_Problem statement:_ Take the line with "Corroded Eklind and" and every line after it, through the end of the listing, and give them again exactly, pictures excluded.

_The data:_

= Beginning of Section =

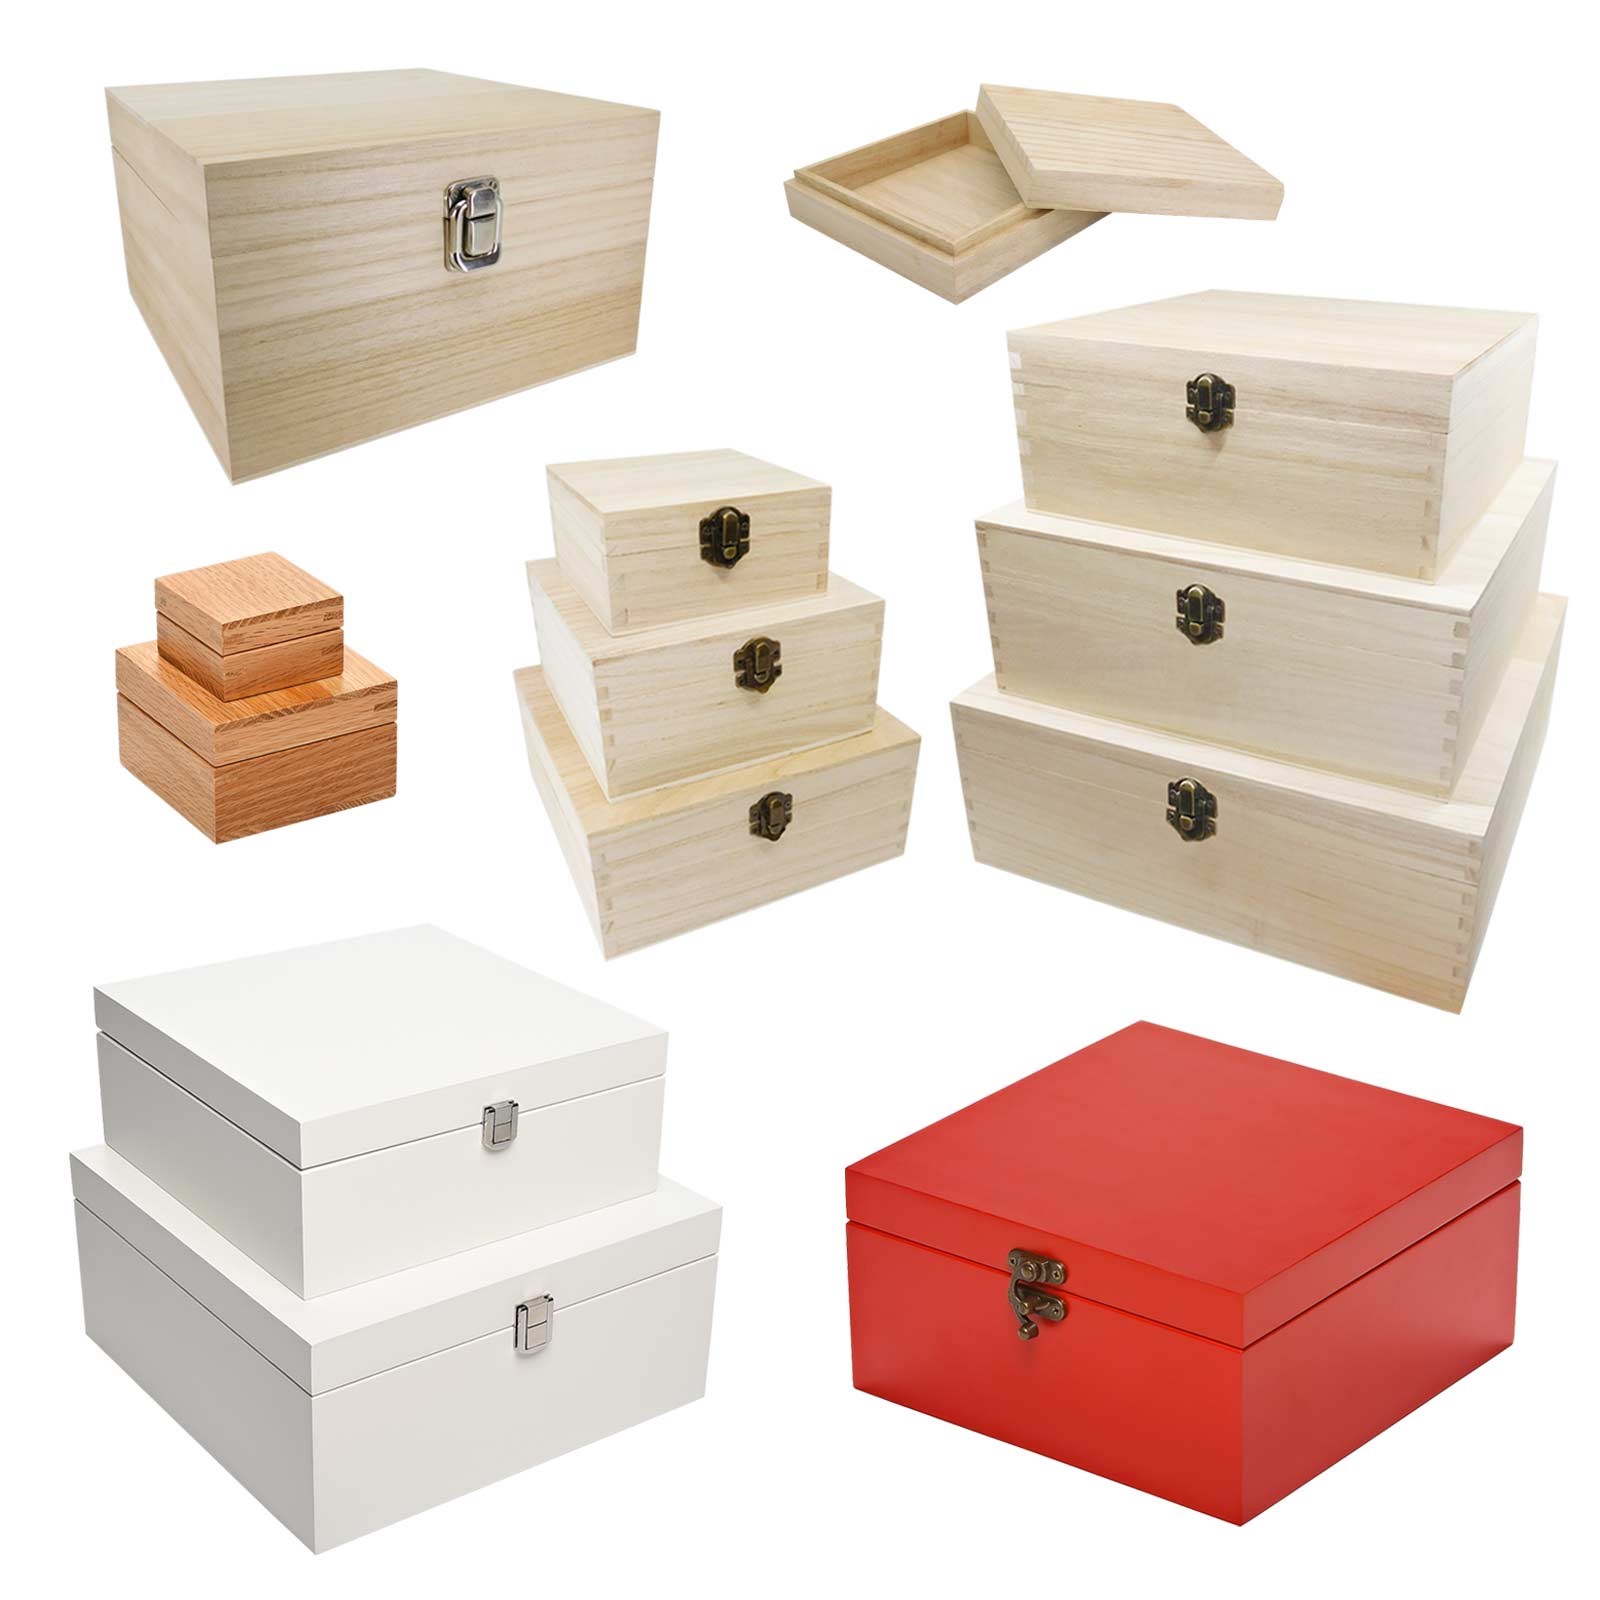 square wooden storage box
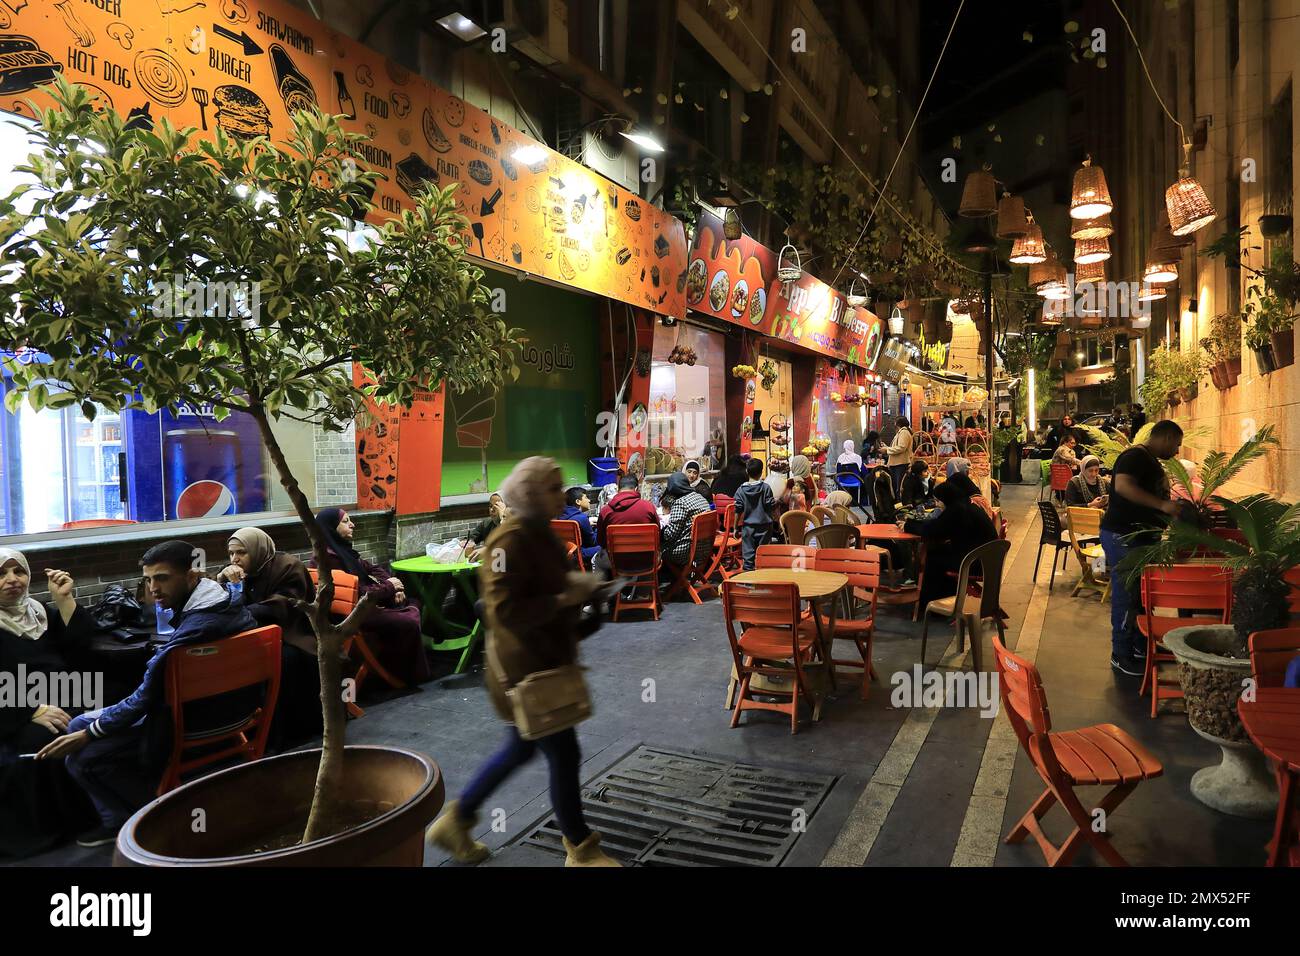 A cafe scene in Downtown Amman City, Jordan, Middle East Stock Photo
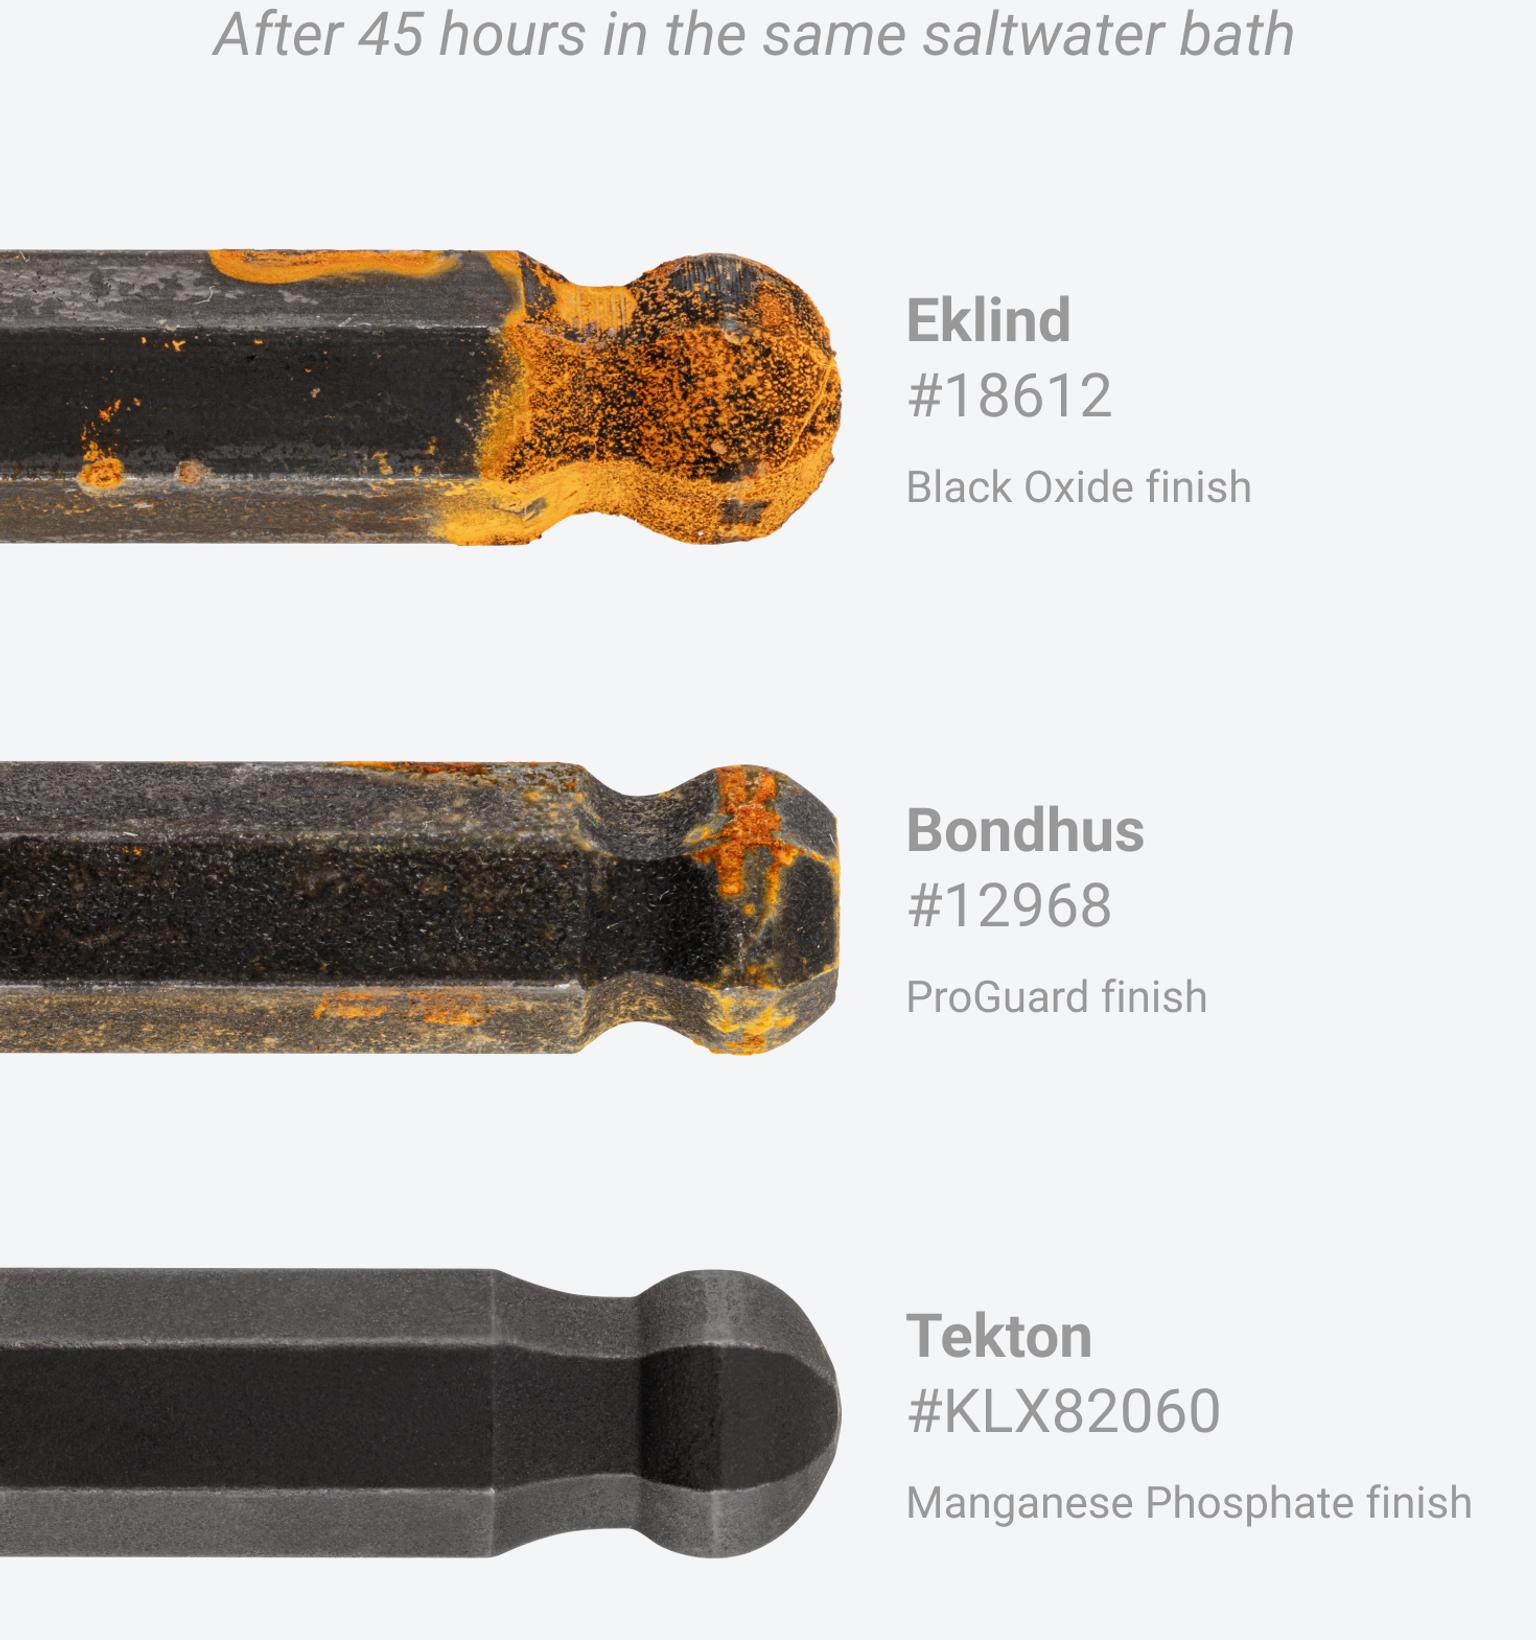 Corroded Eklind and Bondhus ball end hex keys next to Tekton's Key with corrosion-resistant finish.
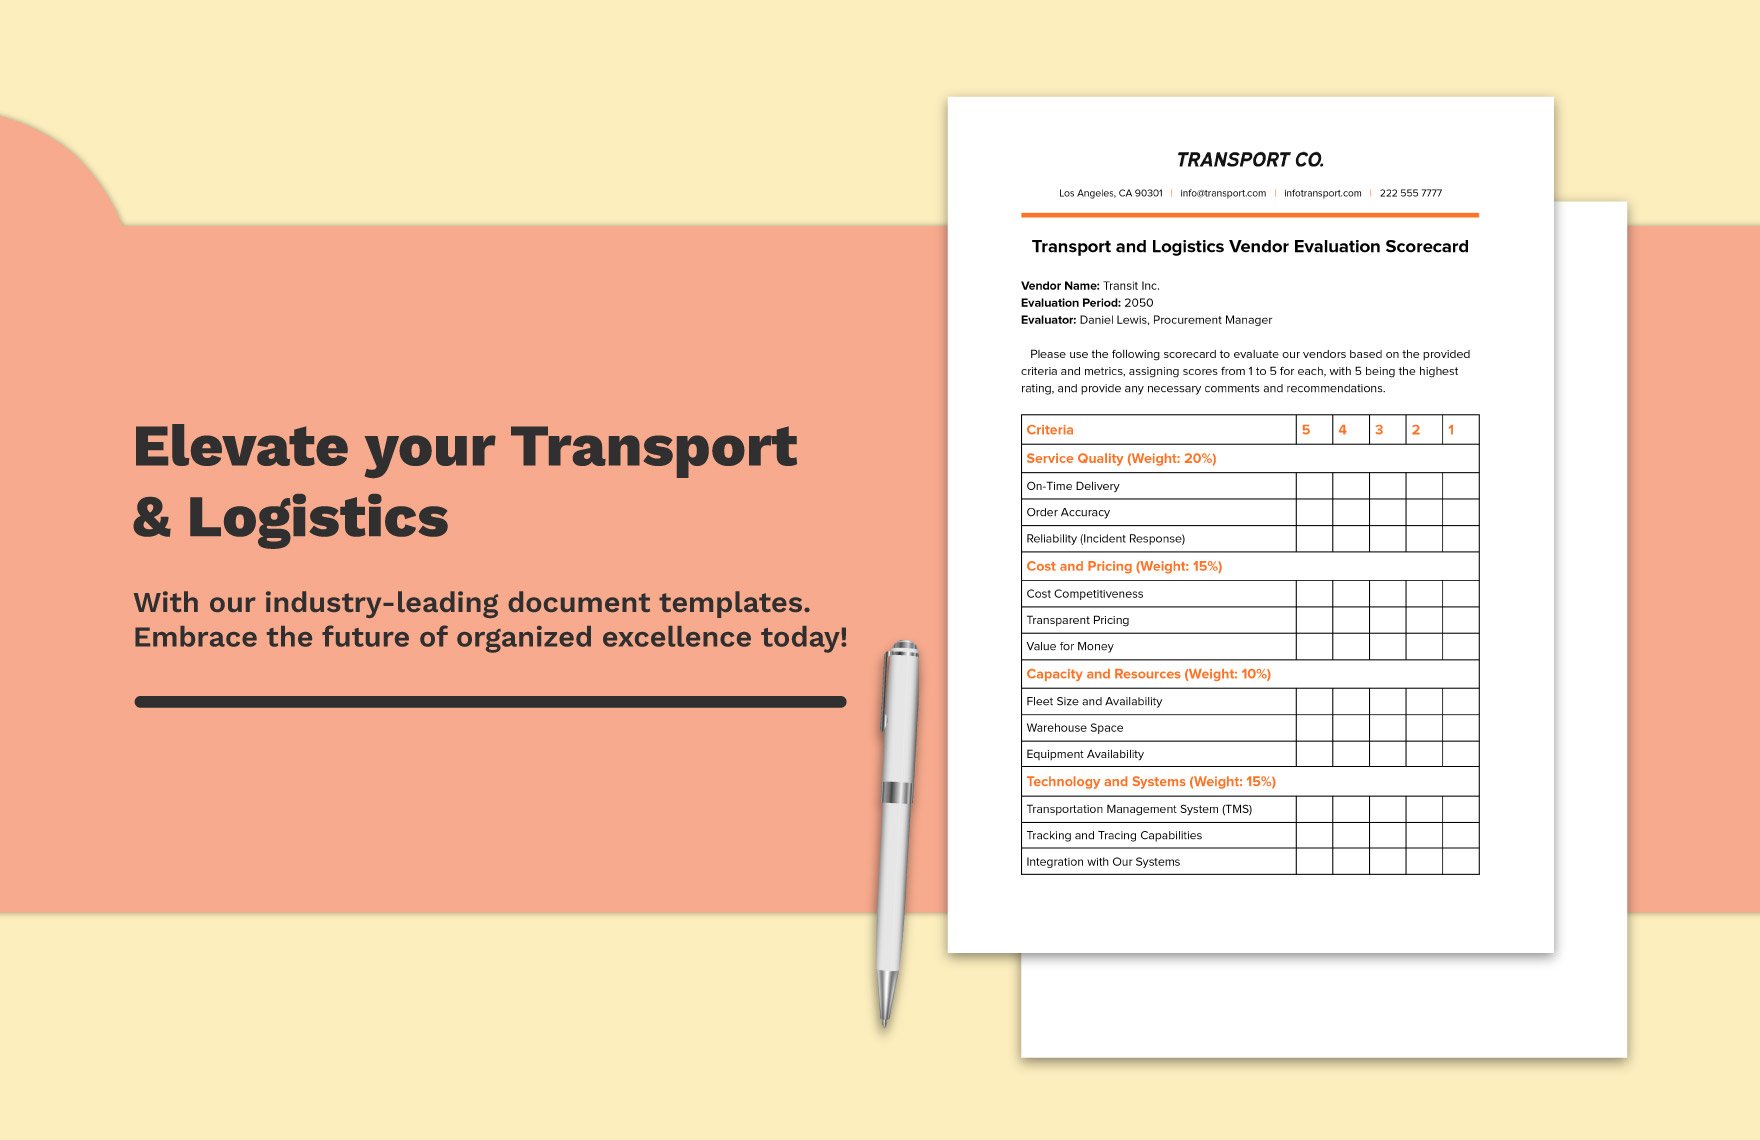 Transport and Logistics Vendor Evaluation Scorecard Template

= End of Section =

_Result of this exercise:_
 Corroded Eklind and Bondhus ball end hex keys next to Tekton's Key with corrosion-resistant finish.
 Transport and Logistics Vendor Evaluation Scorecard Template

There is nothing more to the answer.